I changed the u-boot back to an updated version as Philip said, now the
initialization time of uhd is normal.

between 1a25e48 and current master.

-Josh
Actually, before I re-burn the rootfs and build the latest uhd,
gnuradio, the performance of packet demodulation on this e100 was worse
than on the other one: with the same flow graph and the same uhd
configurations, less packets could be received on this e100. So I got
confused and started to wonder if there were hardware problems. Could
you give me some advices about how to narrow down the problem? Thanks.

Best Regards,

Terry

ziyang · January 17, 2012, 7:37pm

On 01/16/2012 09:51 AM, ziyang wrote:

I didn’t figure out a way to do the single-item-operation in the volk
style.

I dont recommend using the extra blocks, that would probably cause more
overhead. Looking at gr_quadrature_demod_cf::work, it looks like you can
vectorize the operation of the conjugate multiply, then the atan, then
the gain scaler. So, that would be one for loop that operates on 4
samples at a time, and calls 3 volk functions.

Also, you may consider timing a particular operation as a performance
metric, rather than counting the number of demodulated packets.

I was wondering if there are examples from which I can learn how to do
this?

Sorry, I guess there isnt much in the way of examples.

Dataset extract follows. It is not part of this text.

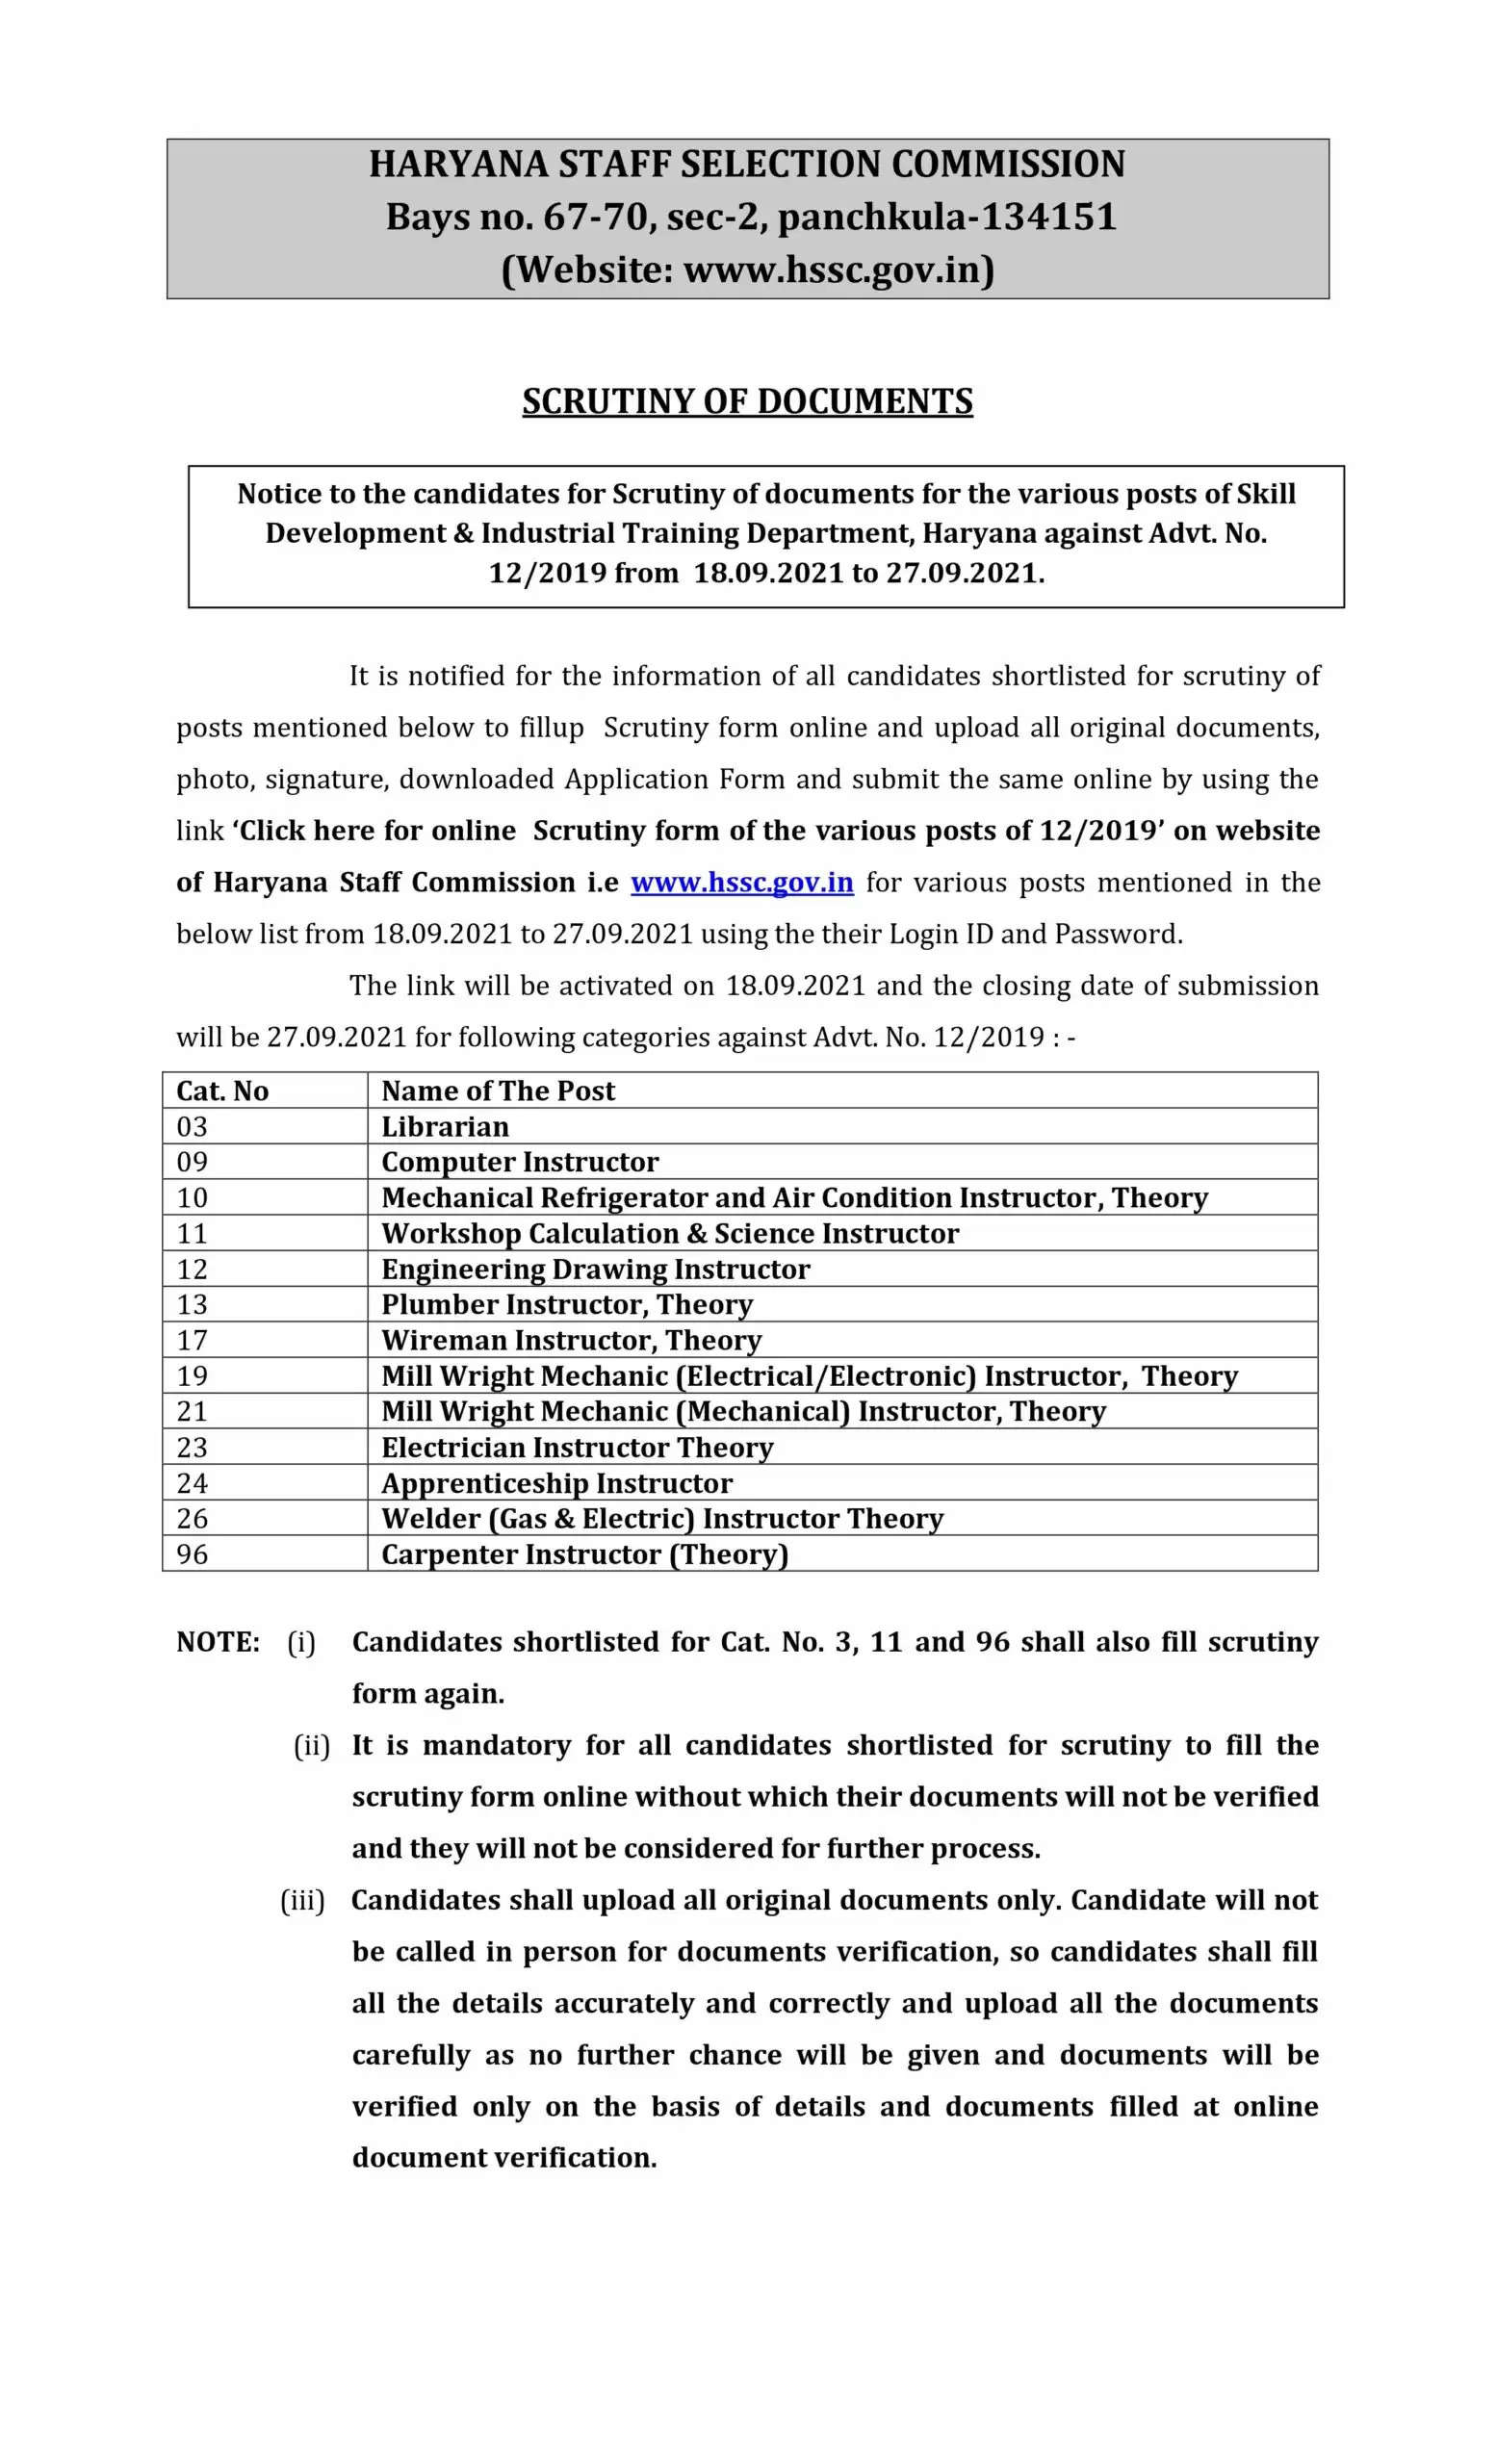 हरियाणा स्टाफ सिलेक्शन कमीशन ने कई पदों पर डॉक्यूमेंट जांच के लिए जारी किया नोटिस, यहां देखें

You can time individual work functions by adding some code before an
after. We have some high resolution timers in
gruel/include/gruel/high_res_timers.h

I have also seen people time the block in a simple flow graph with a
null source, head, your_block, null_sink. You can time tb.run() and
compare run duration vs the non-vectorized code.

-Josh

ziyang · January 17, 2012, 8:17pm

On 01/17/2012 07:36 PM, Josh B. wrote:

and gr.delay blocks instead in the flow graph. Because my understanding
is that the volk functions take a vector (multiple values) as input, and
I didn’t figure out a way to do the single-item-operation in the volk
style.

I dont recommend using the extra blocks, that would probably cause more
overhead. Looking at gr_quadrature_demod_cf::work, it looks like you can
vectorize the operation of the conjugate multiply, then the atan, then
the gain scaler. So, that would be one for loop that operates on 4
samples at a time, and calls 3 volk functions.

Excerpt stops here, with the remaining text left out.